Verified Current State

Verified 2026-05-25 against jayzalowitz/launch-skytwin-demo @ 8bb5379.

Refs WITHOUT ON DELETE CASCADE (32 total)

File Lines Table(s)
packages/db/src/schemas/schema.sql 21, 36, 82, 101, 153, 169, 264 7 tables in the core schema (twin_profiles, etc. — full list to enumerate during fix)
packages/db/src/migrations/002-oauth-tokens.sql 5, 18 oauth_tokens, oauth_states
packages/db/src/migrations/003-behavioral-patterns.sql 5, 21 behavioral_patterns, pattern_observations
packages/db/src/migrations/004-eval-history.sql 6, 21 eval_runs, eval_decisions
packages/db/src/migrations/005-scope-expansion.sql 12, 26, 42, 53, 64, 76 6 tables (cross_domain_traits, etc.)
packages/db/src/migrations/006-trust-tier-audit.sql 6 trust_tier_audit
packages/db/src/migrations/008-spend-tracking.sql 6 spend_records
packages/db/src/migrations/009-domain-autonomy-escalation.sql 7, 20 domain_autonomy, domain_autonomy_audit
packages/db/src/migrations/011-sessions.sql 4 sessions
packages/db/src/migrations/012-mempalace.sql 10, 40, 59, 72, 86, 101, 119, 143 8 mempalace tables

Refs WITH ON DELETE CASCADE (correct, do not touch)

Migrations 015, 027, 028, 030, 031, 032, 035, 036, 037, 038, 039, 040, 048, 049, 050, 059 — all consistently cascade.

What DELETE FROM users WHERE id = ? does today

CockroachDB raises FK violation on the first child row from any of the 32 no-cascade refs above. The delete is rejected; no rows touched. The error is structurally correct (the FK constraint prevents data orphan) but operationally fatal for #376.

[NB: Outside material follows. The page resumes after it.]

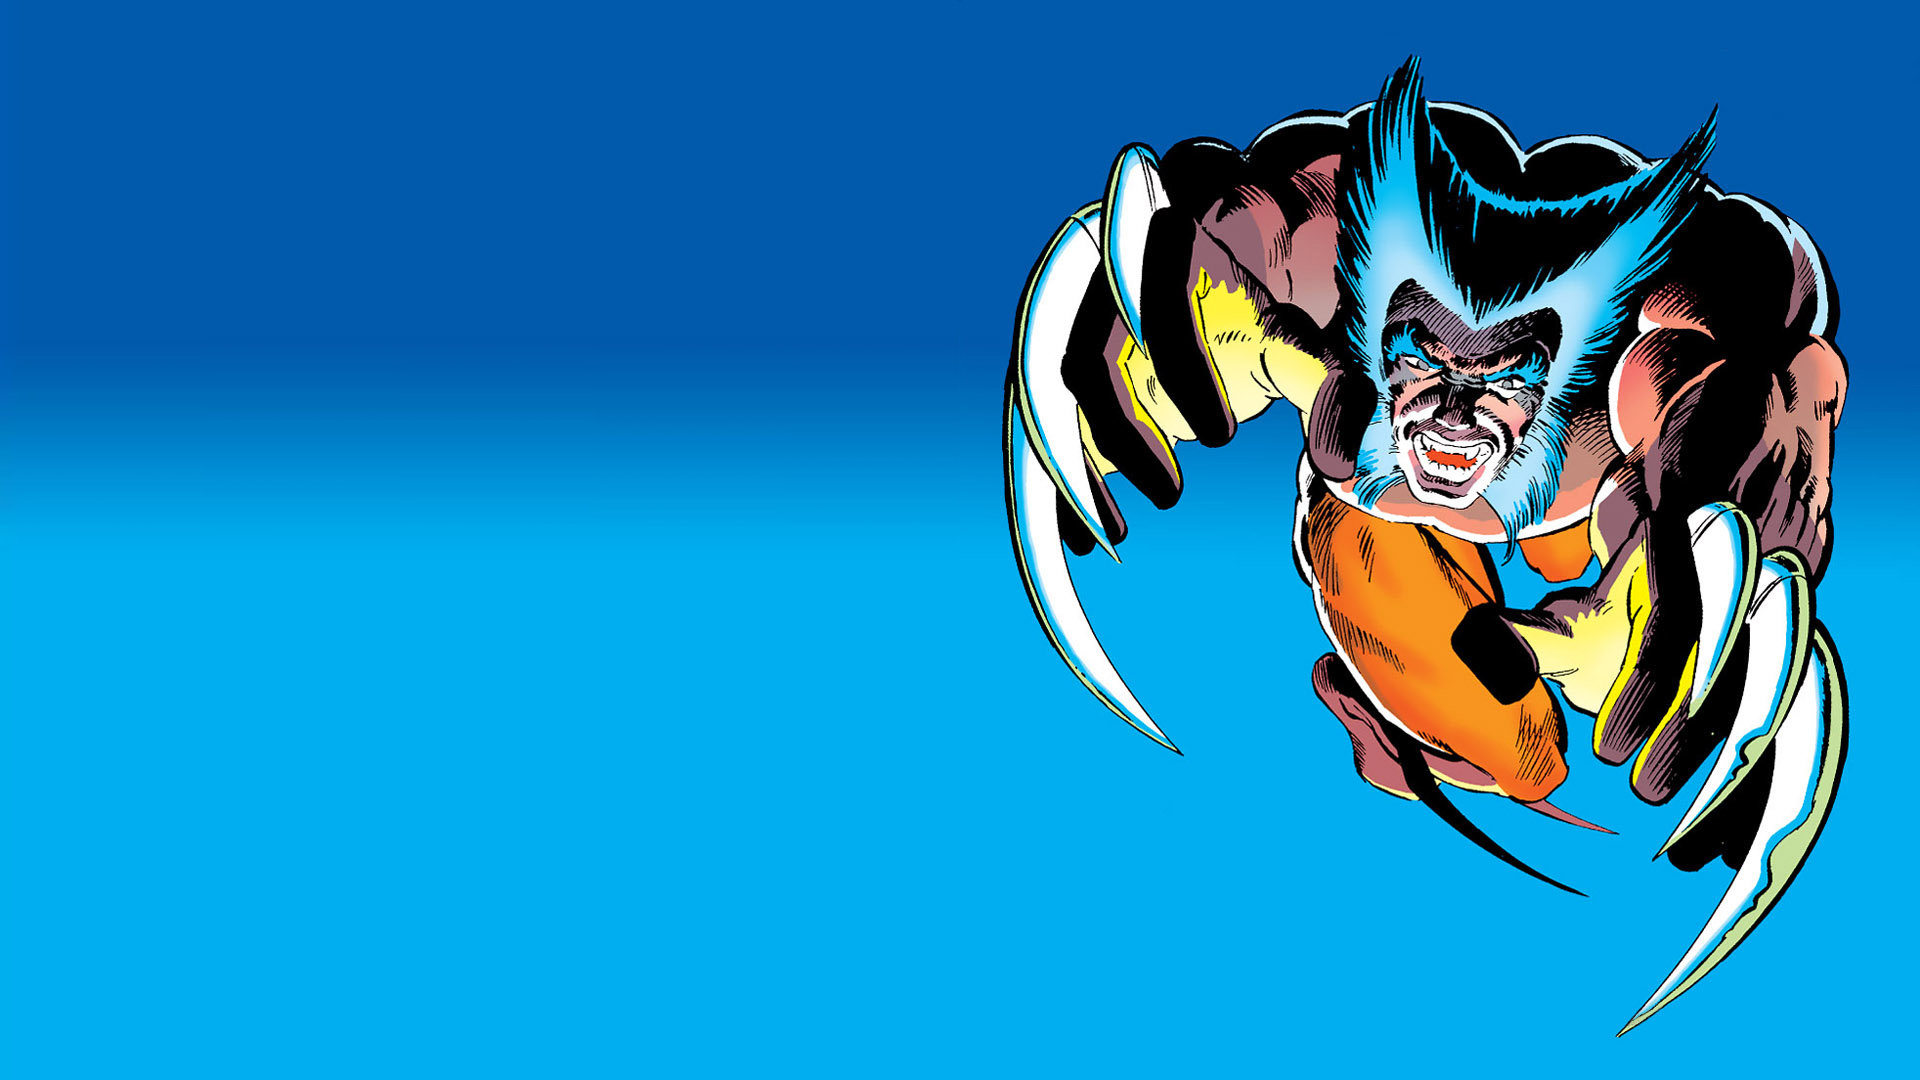 Download hd 1920x1080 Superhero PC background ID:276550 for free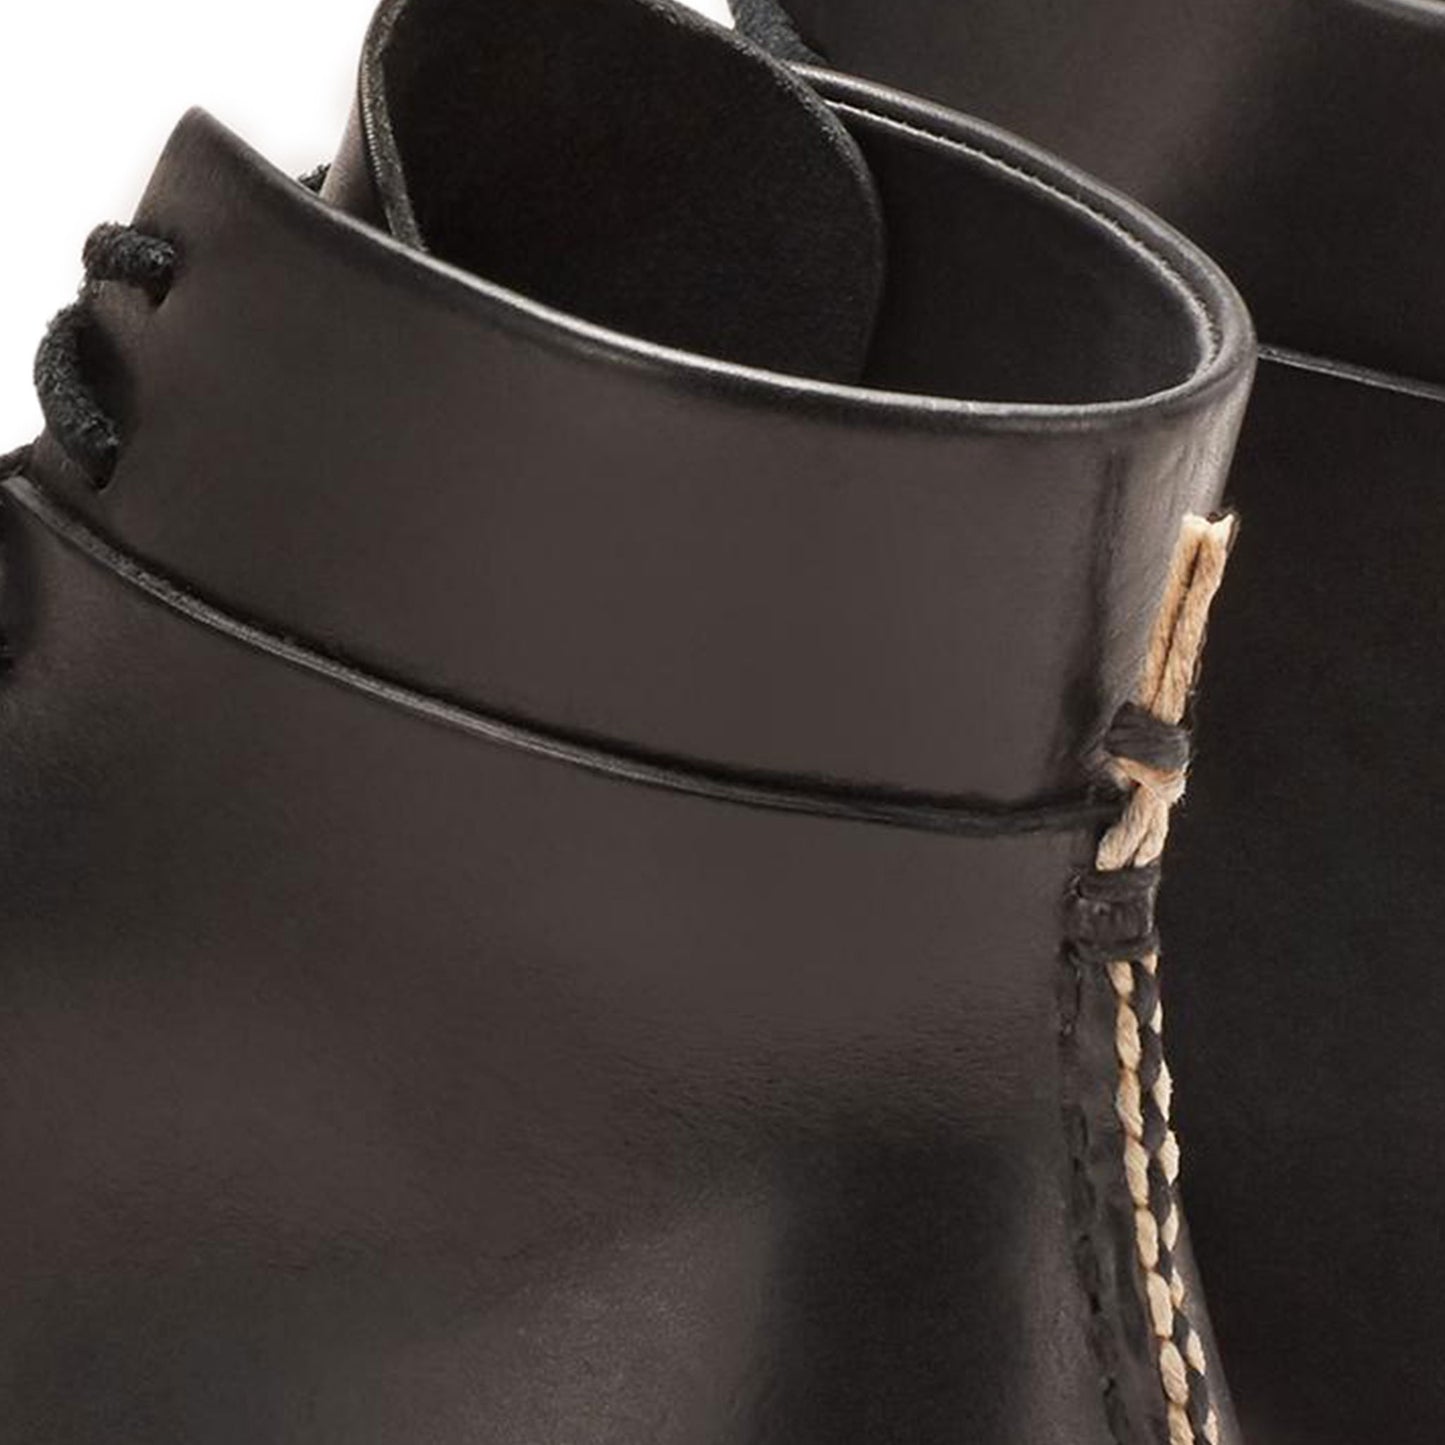 FEIT Braided Lace-Up Boots Shoes Leather Black Detail Braid

What's Working Well (Do Not Touch)

  • Migrations 015+ are correctly modeled. Don't change them; don't "re-cascade" what's already cascading.
  • The mempalace tables in 012-mempalace.sql are a feature-flagged backend (MEMORY_BACKEND=mempalace) — cascading them is still right, just verify the migration doesn't break the in-flight feature flag.
  • The sessions table cascade behavior: sessions ARE per-user state and SHOULD cascade. Don't add an exception.

Proposed Change

A single migration 060-cascade-cleanup.sql that drops and re-adds every no-cascade user_id FK constraint with ON DELETE CASCADE.

Pattern per constraint:

-- Example for migrations/002-oauth-tokens.sql line 5
ALTER TABLE oauth_tokens DROP CONSTRAINT IF EXISTS oauth_tokens_user_id_fkey;
ALTER TABLE oauth_tokens ADD CONSTRAINT oauth_tokens_user_id_fkey
  FOREIGN KEY (user_id) REFERENCES users(id) ON DELETE CASCADE;

The constraint name will vary per table — find them with:

SELECT conname, conrelid::regclass AS table_name
FROM pg_constraint
WHERE confrelid = 'users'::regclass AND contype = 'f';

Repeat for all 32 tables. The migration is idempotent (the IF EXISTS makes re-runs safe).

After the migration lands, DELETE FROM users WHERE id = ? succeeds with a single statement; #376 becomes trivial.

Implementation Details

The migration generator should:

  1. Query pg_constraint to enumerate every FK on users(id).
  2. For each, check whether confdeltype = 'c' (cascade); skip if already cascading.
  3. Drop + re-add with cascade.

In practice this is a one-shot script — author writes the migration once, by hand or generator, and commits. Migration runs once per environment.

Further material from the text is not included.